To Western cultures, hospitality is far different than what it meant in biblical Southern and Eastern Mediterranean countries. Today, only certain Arab groups- like Tuareg survivors or rural areas of Magreb- still use it, but it’s deeply present in most of these cultures 20 centuries before… especially in Hebrew Biblical nations.

Hospitality, in these cultures, meant that if a person asked you for it, you were completely compelled to protect your visitor- even if that meant losing your property, family or life. Although today it may seem impossible, this DID work for centuries. It isn’t strange if we think of it as a survival strategy: you never know who will need hospitality, specifically in hard lands or times. What Lot did was act as his culture required him to.
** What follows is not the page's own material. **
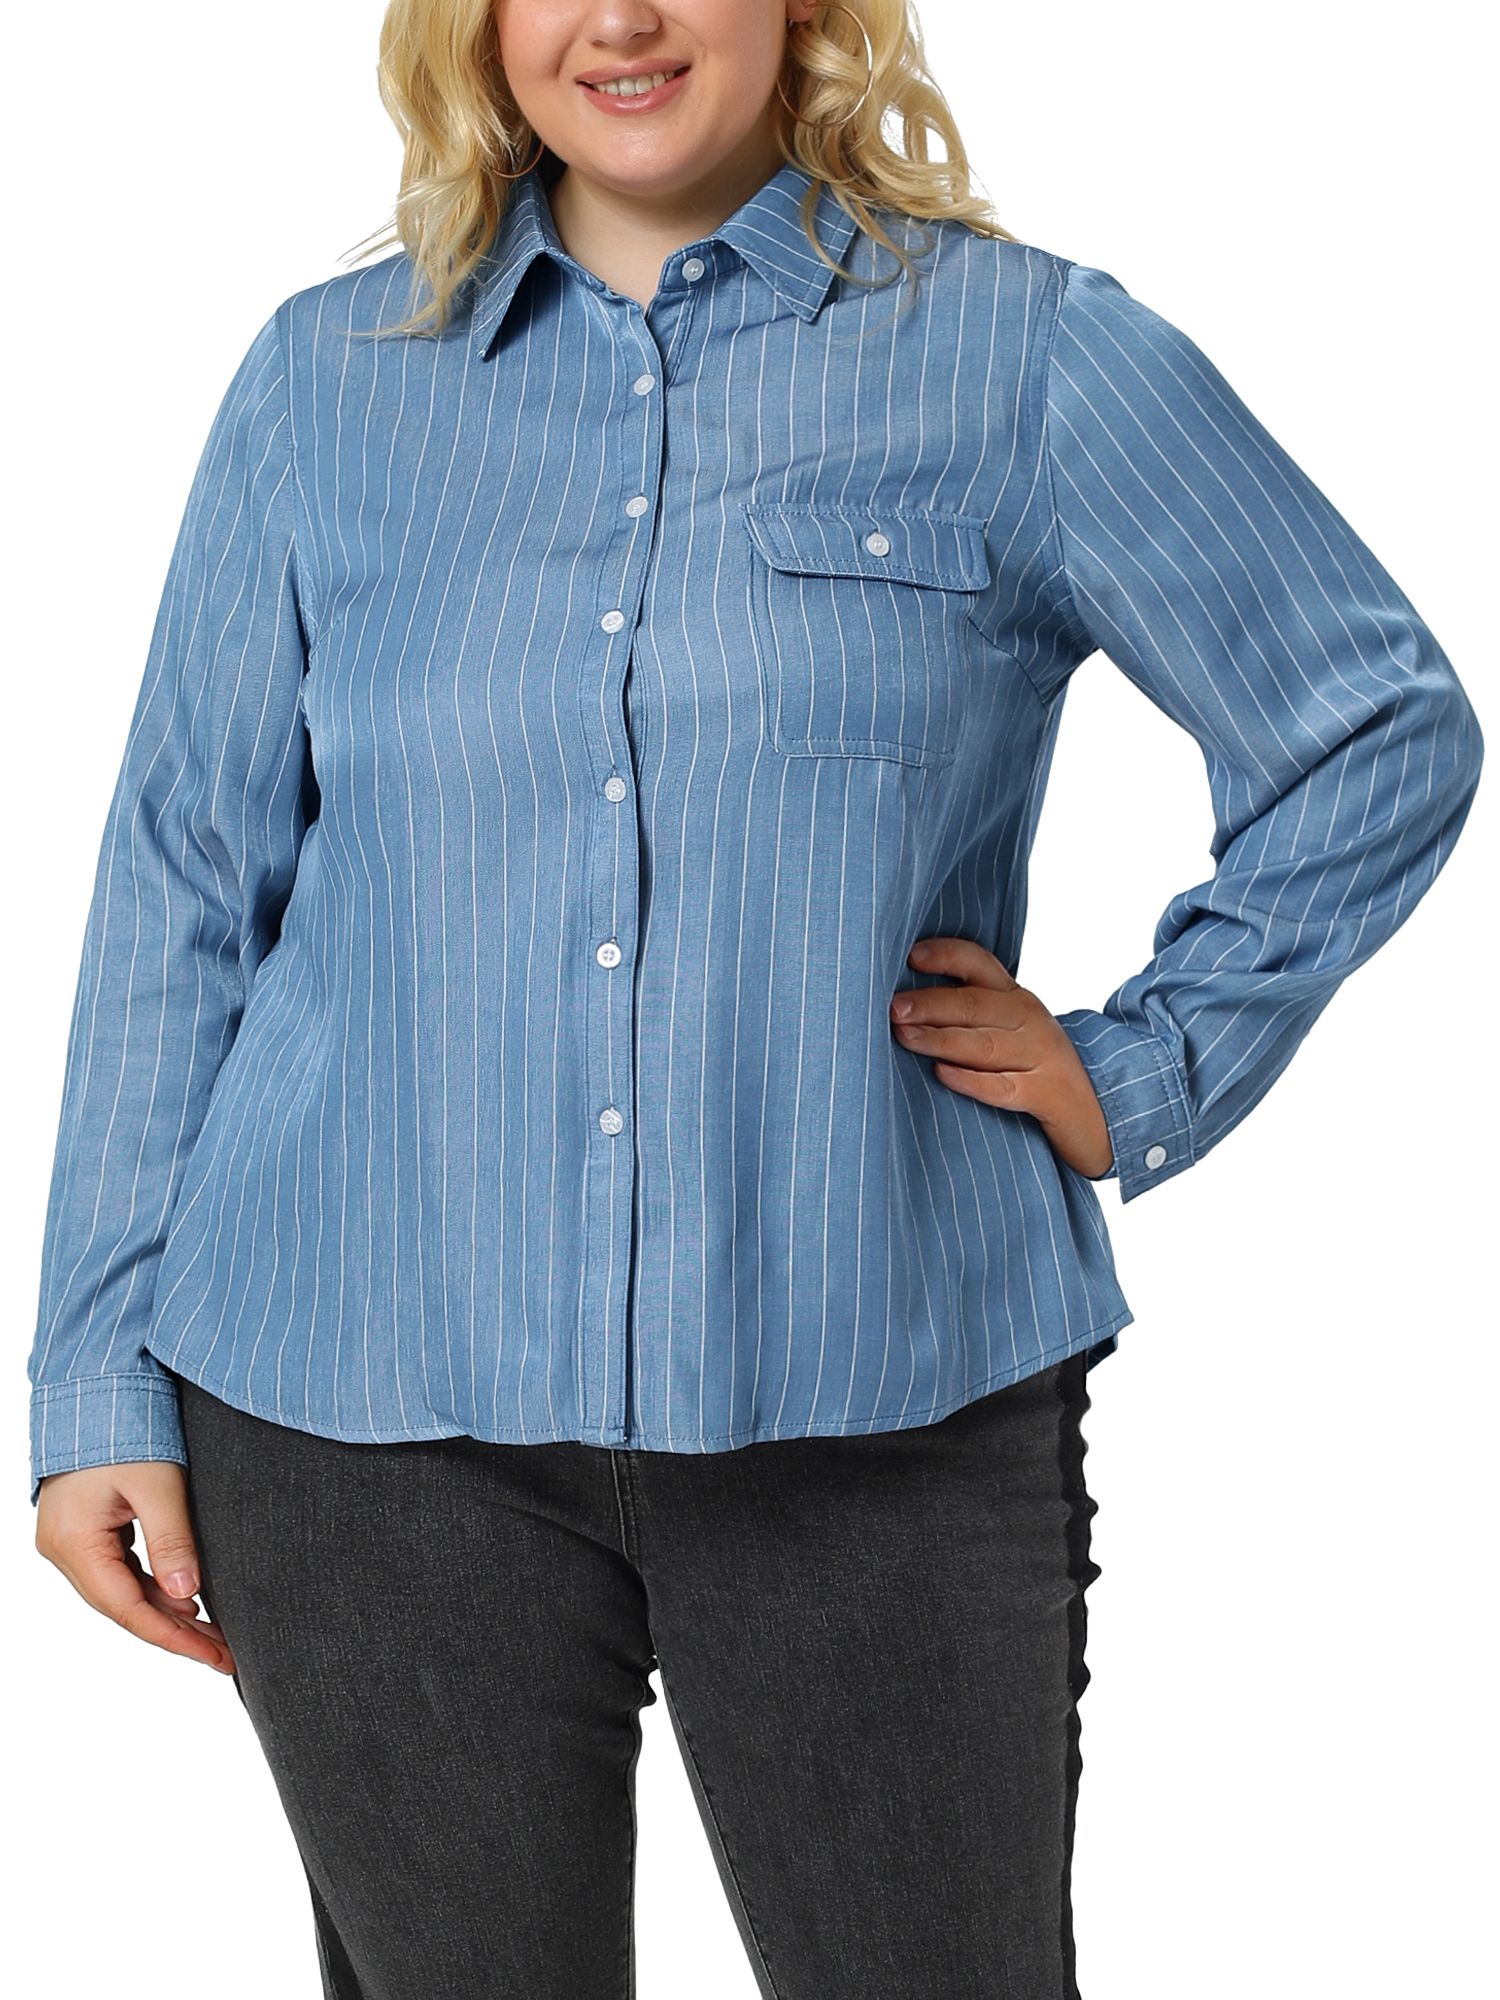 Women's Denim Shirt Long Sleeve Casual Button Down Chambray Shirt 2023  Distressed Jean Shirt Blouse Light Blue at Amazon Women's Clothing store

ALL of Sodom’s people participated in the assault on Lot’s house; in no culture has more than a small minority (7-10%) of the population been naturally homosexual. Therefore it can be assumed most of the violators were heterosexual. Also since there were “young and old” would indicate that someone must have been having heterosexual sex to produce the young!

Lot’s offer to give his daughters to be raped suggests he knew the crowd had heterosexual interests- in fact offering young women for sexual hospitality was common.

I’ll stress again that even if homosexual rape was what the people were after, it would have been to defile the strangers unnaturally between mostly heterosexual males against another heterosexual male as in pederasty. This rape attempt would be to humiliate them. In the eyes of the law today, and in our own customary understanding, rape is not considered an expression of sexuality. It is known to be an expression of power and dominance- similar to aforementioned rape in prison, and in warfare, even today. This has no resemblance to same-gender relationships between consenting adults, and has nothing to do with loving, mutual homosexual love which was clearly not the reason for God’s destruction of Sodom.

God spared Lot and his daughters from the destruction of Sodom. Genesis 19:33-36 goes on to say how the daughters got Lot drunk and committed incest with him. Would God destroy two cities for homosexuality and save these people so they would go right out and commit incest?

Homosexuality can not be called one of the sins of Sodom, Gomorrah or Gilbeah since it is not in any of the lists of their sins given in the Old Testament. Ezekiel 16:48-50 lists the specific sins of Sodom as pride, plenty, laziness, uncaring for needy, haughty and worshiping idols – which was an abomination – not homosexuality.

Argument: Children do better with a solid family foundation that includes a mother and father.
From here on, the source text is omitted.